Today was my younger daughter’s last Religious School class. After thirteen years of going most Sunday mornings during the school year, she, much like her sister did two years ago, will find herself able to sleep late on Sunday mornings. She will no longer be able to complain about getting out of bed or getting dressed or sitting in the sanctuary with a bunch of wild younger kids or singing along or trying to make friends with kids that she doesn’t have much in common with outside of her religion, such as it is. Her faith may not have stuck after her many lessons about Judaism, but her Jewish identity is strong, for which we have religious school, and the rabbi, to thank.

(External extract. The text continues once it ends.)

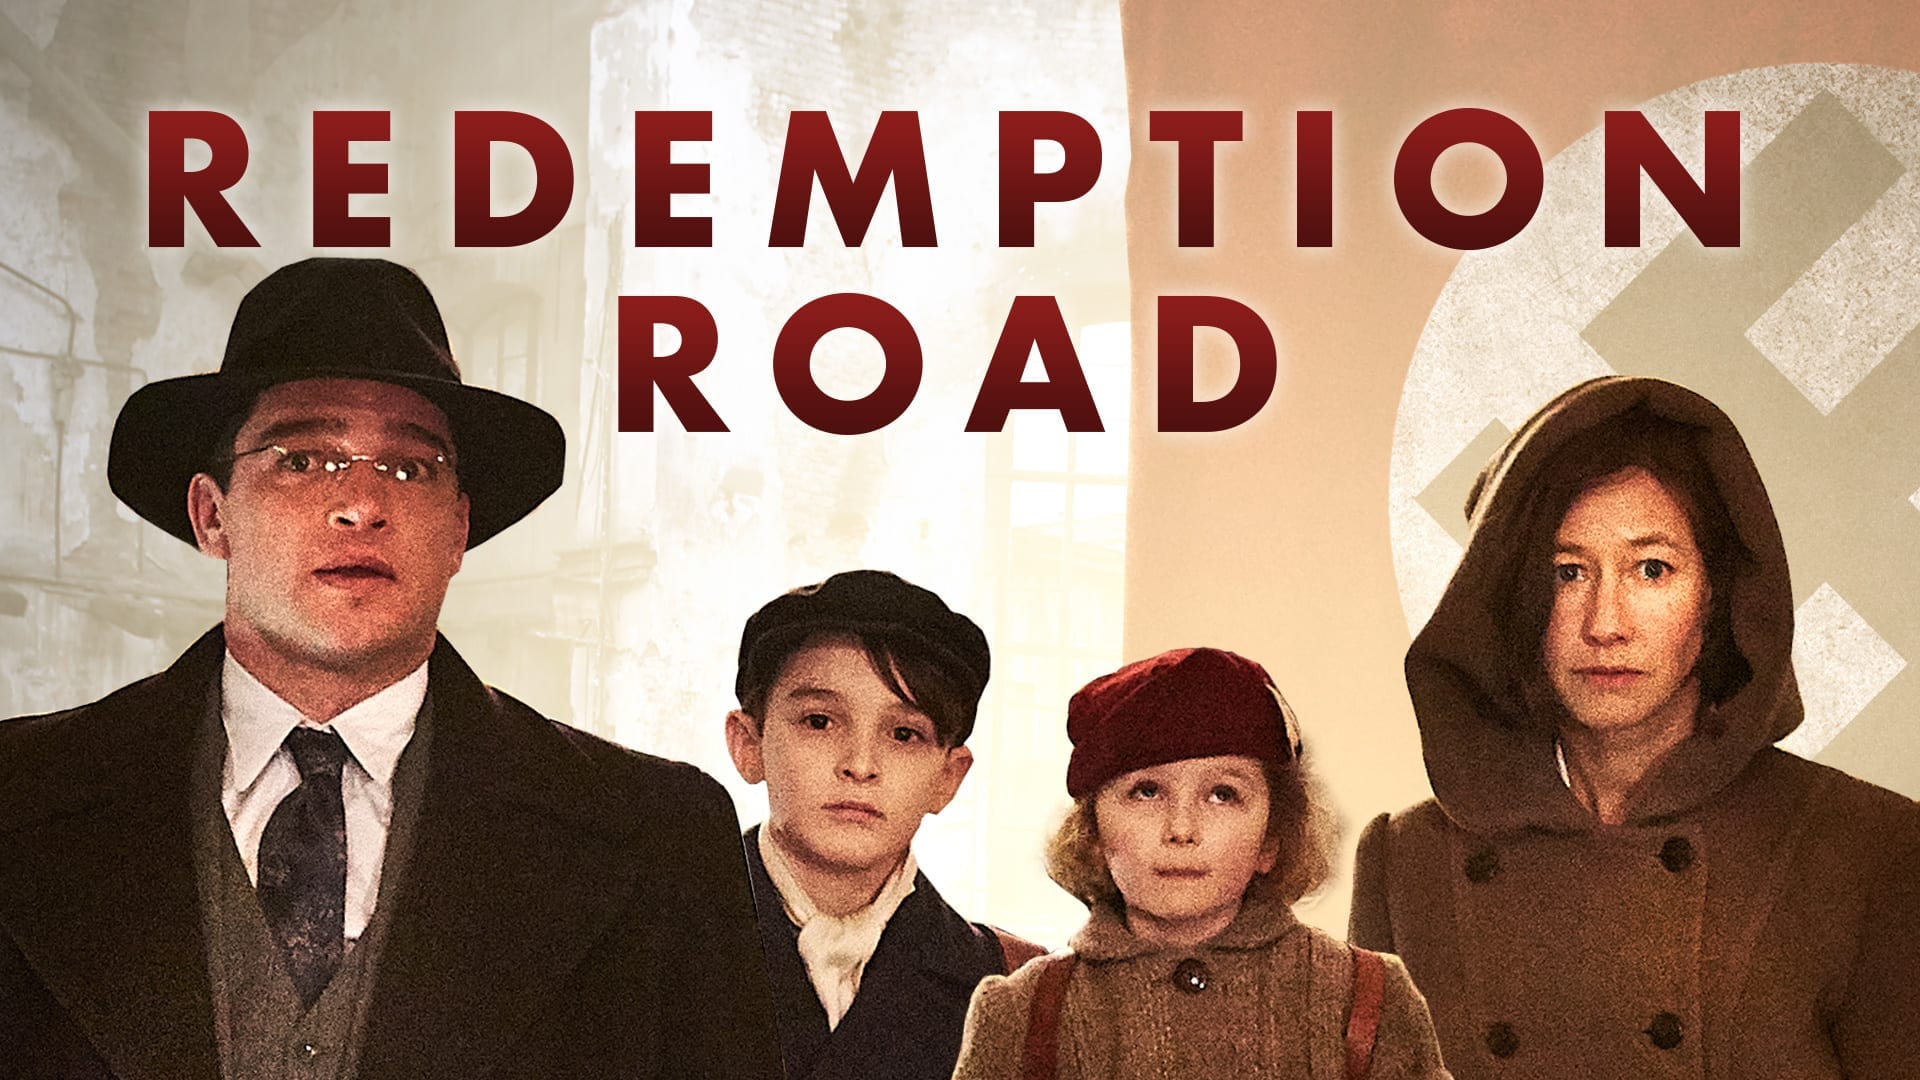 redemption road vimeo ott series banner 1920x1080 1

She started when she was three, attending a monthly pre-school class that did not always hold her interest. As a three-year-old, she was head-strong, stubborn, and non-compliant, which dominated both her Montessori experience as well as her religious school hours. No one had determined yet how to make her participate in anything she didn’t want to do. I recall her pre-school teacher at temple asking me if she understood how to color, or if she even knew her colors. I knew she just didn’t want to do what she was told to do, and she didn’t want to do what the other kids were doing, and pretty much fuck you, but in a three-year-old way.
When kindergarten started, everything changed. A girl her age joined her religious school class, and suddenly, she had an instant friend with whom she could relate, rather than the rest of the class, all boys who liked boy things and didn’t appreciate her passion for fashion or stuffed animals. The new girl did, and they became best friends.

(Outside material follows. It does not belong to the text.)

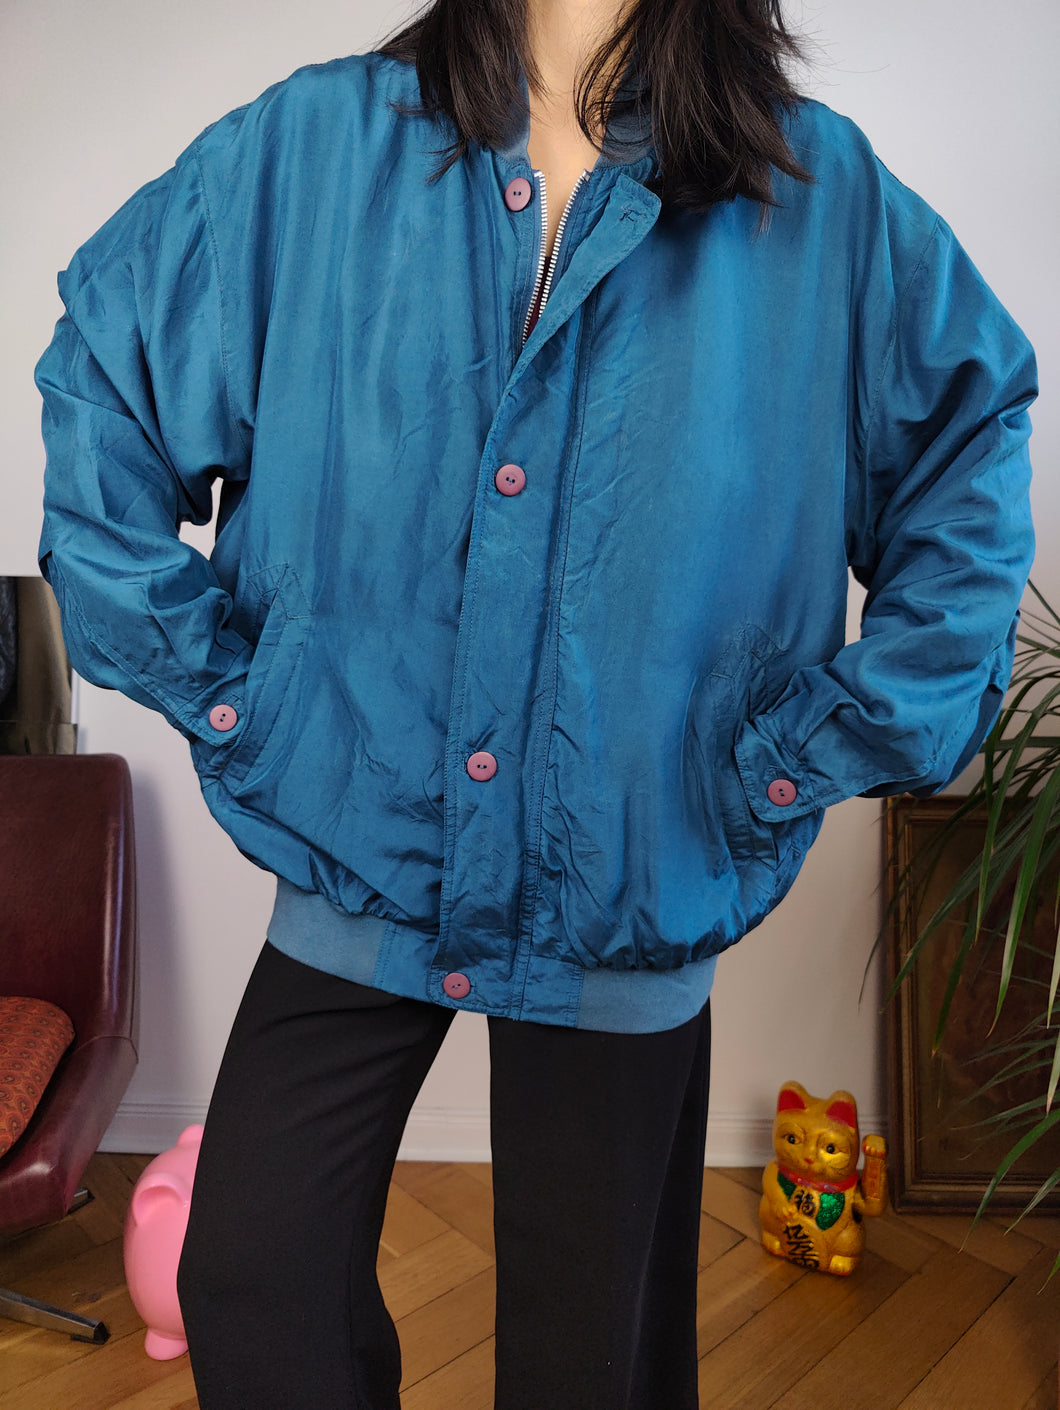 Vintage silk bomber jacket blouson blue light spring summer women unisex men 50 L

Suddenly, we had another family to be Jewish with. We celebrated holidays together. We had cookouts. As the girls got older, they had sleepovers at both of our houses. We took vacations together and generally looked out for one another.
When fifth grade ended, her best friend, along with the rest of her Jewish family, moved up north, where they quickly assimilated into a community with probably ten times the number of Jews, if not more. My daughter went back to being the only girl in a religious school class of boys at a time when they were all on the verge of middle school and puberty. It wasn’t an easy adjustment for her.
She rallied a bit for her bat mitzvah, and because she loves our rabbi, she agreed to continue past her b’nai mitzvah year to confirmation. Those few years saw more of her religious school class leave, either just because they had enough, or, like her best friend, they moved away. She tried to be involved with the youth group as a way to stay connected to her Jewish peers, but the experience wasn’t really for her, even if she did make a few friends.
Which brings us to this year, her confirmation year, her last year of formal religious school education. She half-heartedly continued to join in youth group events out of obligation, but she made a point of being present and engaged for her class with the rabbi. It was her and one other boy, the only two who made it all the way from the beginning together. They are friends and share a bond that comes from shared experiences, but I suspect they too will grow apart as their paths diverge with each of them going to different high schools and having different interests.
They have one joint shabbat service left, and then, well, it will probably be high holy days and holiday celebrations at home here on out. In a couple more years, she will go to college, and she may or may not decide to participate in Hillel or other Jewish college groups. She may take her Birthright trip, or she may never make it to Israel. And as she grows up, she may get married and have children and have to decide if she too will enroll them in religious school so that they can understand the faith that goes along with the culture.
In the meantime, we can sleep in or go out for brunch on Sunday mornings. Our lives will spill over into that time slot that for over a decade was devoted to being Jewish, and chances are pretty good, at least for now, that another time slot won’t open up on a different day to replace it. Will she miss it? Will I? Does anyone miss going to religious school?
Thirteen years ago, I drove her to religious school. Today, she drove me home from the temple. It feels so final. Of course, we can go to temple whenever we want, but will we?